Bridging Distances, Guarding Lives — The VA Home Tele-Health Program in West Texas

By Michael Cole, Public Affairs Officer
In the expanse of rural West Texas, where access to care can mean hours on the road, Veterans face unique challenges.
The West Texas VA Health Care System (WTVAHCS) is rewriting that narrative—with its innovative Home Tele-Health Program. This initiative, also known as Remote Patient Monitoring (RPM-HT), isn't just about convenience — it’s transforming how health reaches those who served.
Meeting National Standards — and Going Beyond
At the heart of this program is a national VA requirement: at least 2% of every facility’s patient population must be enrolled in Home Tele-Health. WTVAHCS not only meets this standard — they’re ensuring that high-risk Veterans across remote West Texas receive daily, dedicated monitoring and support.
Using technology to monitor a Veterans' health at home daily, the VA offers Home Telehealth and Remote Patient Monitoring (RPM) to provide care for chronic conditions like diabetes, heart failure, and COPD.
Under the Hood: What RPM-HT Looks Like
Veterans enrolled in the program receive essential monitoring equipment—blood pressure cuffs, glucose monitors (including continuous glucose monitoring), scales, A1C trackers, and more—all provided by the VA. Each morning (or as instructed), Veterans log their readings, which are transmitted to a team of nurses at WTVAHCS.
This isn’t passive data collection. Nurses monitor trends in real time, ready to spot early warning signs and collaborate with the Veteran’s care team—pharmacists, nutritionists, dietitians, primary care providers—to respond before conditions escalate.
Proven Outcomes: Data Speaks Volumes
The impact of RPM-HT isn’t theoretical — it’s measurable. Across the VA at large, Veterans in the program experienced a 41% reduction in hospital admissions and a 70% reduction in bed-days of care. These aren't just numbers—they translate to avoided crises, hospital visits, and improved quality of life.

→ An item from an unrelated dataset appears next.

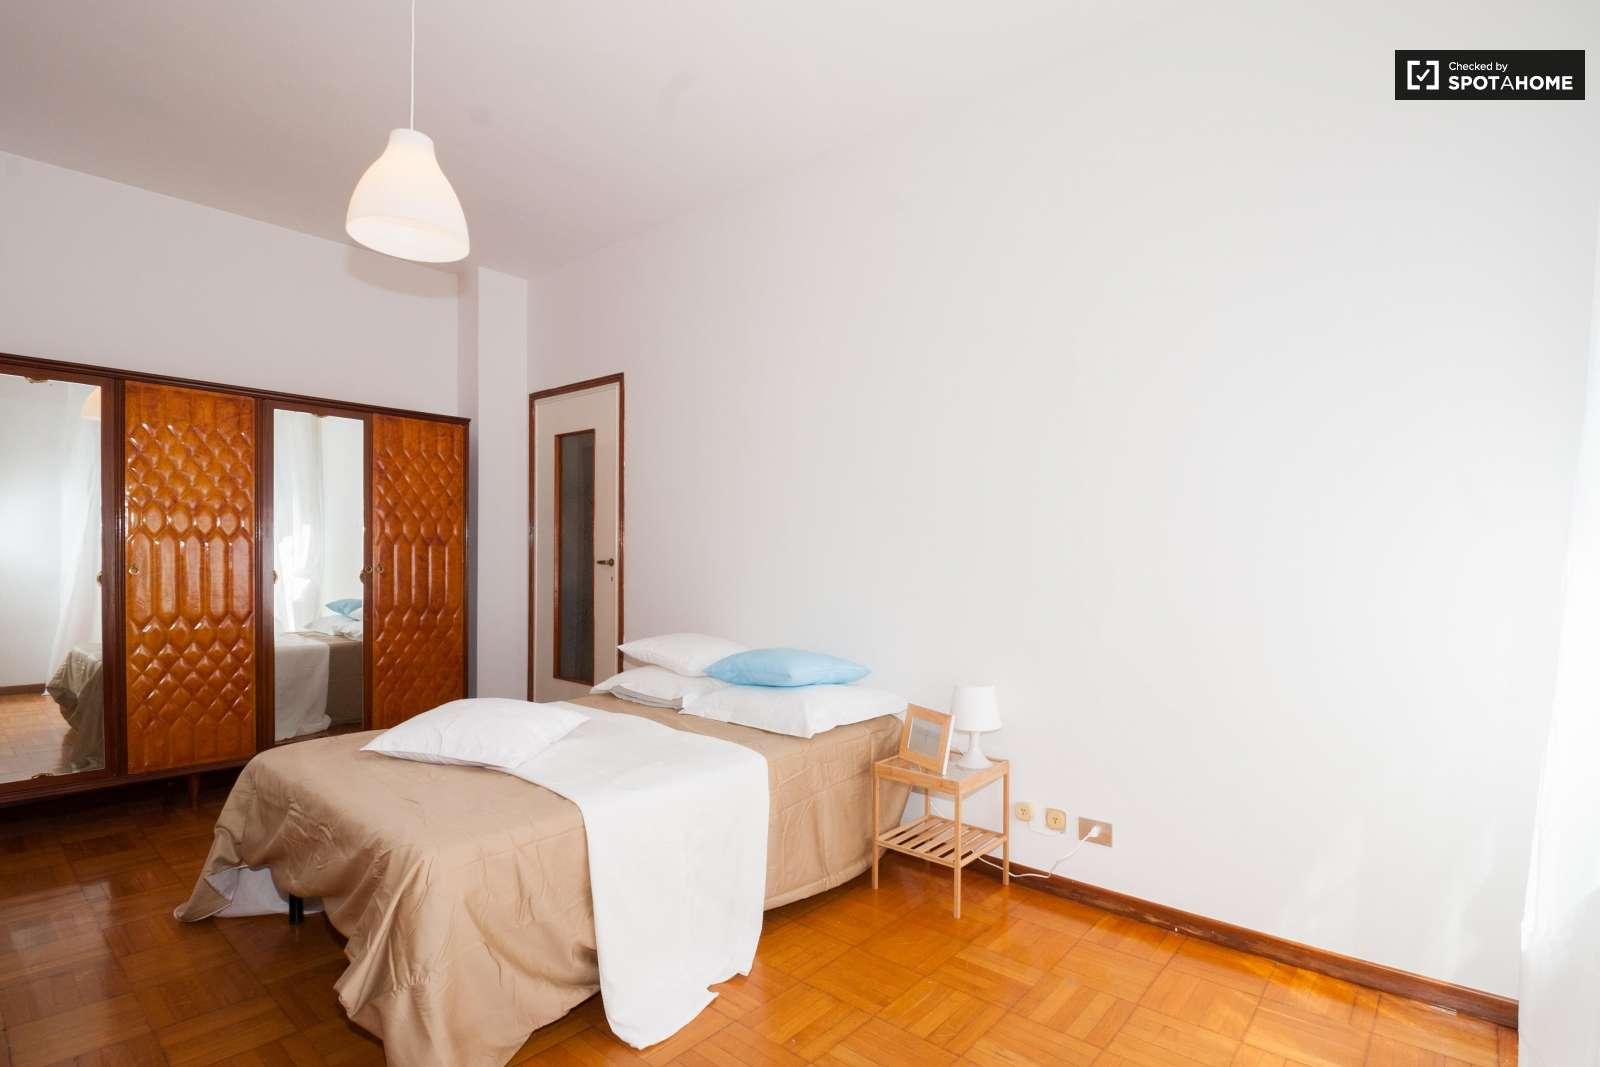 Camere in affitto in appartamento di 4 letti a porta - Camere da letto usate milano ...

Additional historical data supports a 53% decrease in VA bed days and 33% fewer hospital admissions among RPM enrollees, alongside patient satisfaction scores hovering around 90%. Such outcomes reflect the program’s proactive, preventative nature—catching trouble before it becomes an emergency.
The Human Touch: Behind the Tech
The numbers matter—but so do the people delivering care. Dianna Ybarra, one of five tele-health RNs at WTVAHCS, is central to the program’s success. “We look at every WTVAHCS patient to find those who could benefit from this service, and by collaborating with our PACT teams, we're able to enroll the Veterans who could benefit most from this program,” she explains. Her dedication ensures the right Veterans are supported—with empathy as well as technology.

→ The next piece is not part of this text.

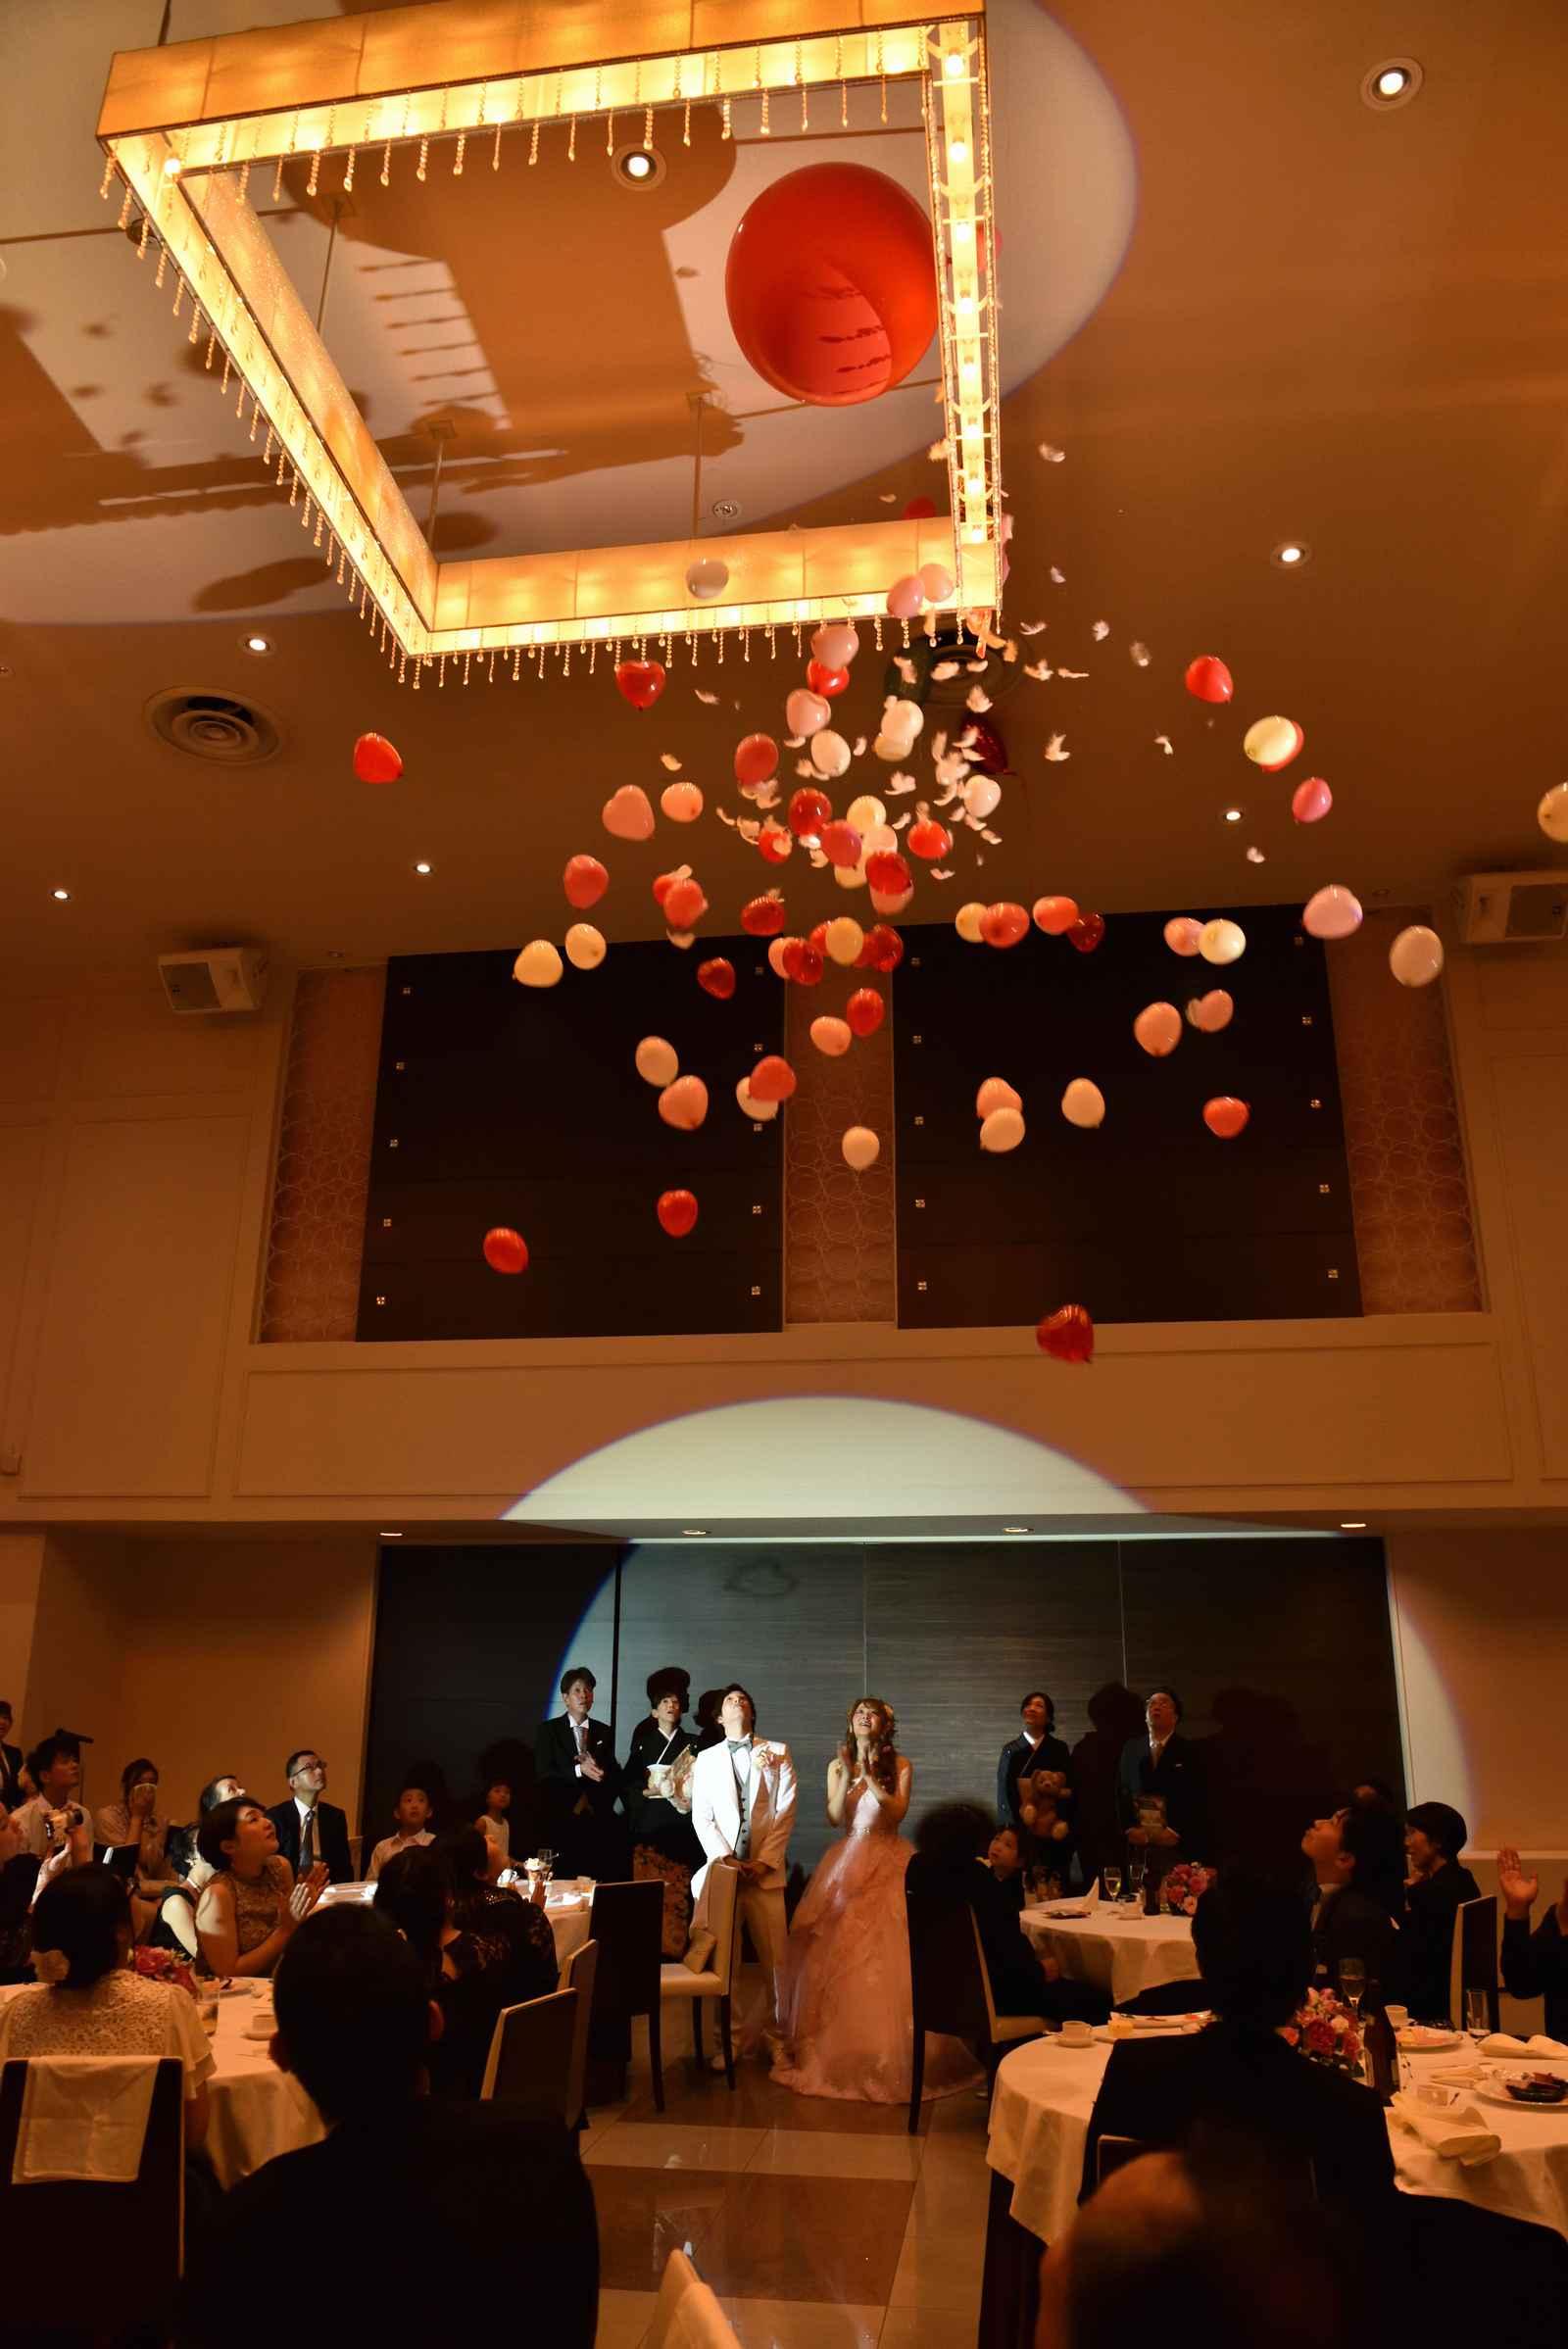 香川県の結婚式場のシェルエメール&アイスタイルのバルーンクラッシュ

“Equally as important is that our PACT teams understand what the program offers, and how both they and their Veterans can benefit from it,” says Tele Health Program Manager and RN, Shelbi Vaughn. “This not only provides better health care outcomes for our Veterans, it also supports our PACT teams by giving them daily insight into the health of our most vulnerable patients. With that information, they can act quickly, adjust care plans as needed, and ensure Veterans get faster access to the right care at the right time.”
Transforming Rural Care — One Home at a Time
In an area spanning 33 counties across 53,000 square miles, WTVAHCS serves more than 56,000 Veterans, of whom about 17,000 (30%) receive care through the system, accounting for over 170,000 outpatient visits annually. Since inpatient services ceased in 2013, WTVAHCS has evolved into a beacon of outpatient and telehealth care innovation—offering services ranging from mental health and dietetics to prosthetics and specialty consultations.
Within this vast landscape, RPM-HT isn’t optional — it’s essential. It brings serious health monitoring to doorsteps, equips Veterans with daily oversight, and fosters deeper patient education — empowering Veterans to take charge of their health and avoid unnecessary hospitalizations.
A System Rooted in Reach and Resilience
WTVAHCS spans a huge geographical area, delivering outpatient-focused care through a robust telehealth infrastructure. Anchored by the George H. O’Brien, Jr. VA Medical Center in Big Spring—with Community Based Outpatient Clinics in Midland/Odessa, Abilene, San Angelo, Fort Stockton, and Hobbs, NM — it ensures that even the most isolated Veterans have access to high-quality care. Emphasizing continuity, creativity, and collaboration, the system partners with federal and non-federal affiliates to deliver tailored, accessible services—including RPM-HT, home-based primary care, and mobile health units—to those who need it most.
The West Texas VA Home Tele-Health Program stands as proof that care knows no borders. In a landscape where roads are long and distances daunting, technology bridges gaps—not only capturing data, but delivering dignity, education, and peace of mind. Through the efforts of nurses like Dianna Ybarra, and the WTVAHCS Tele Health team ensuring consistently positive outcomes, West Texas Veterans are secure in the knowledge that help isn’t far away — it’s already in their homes.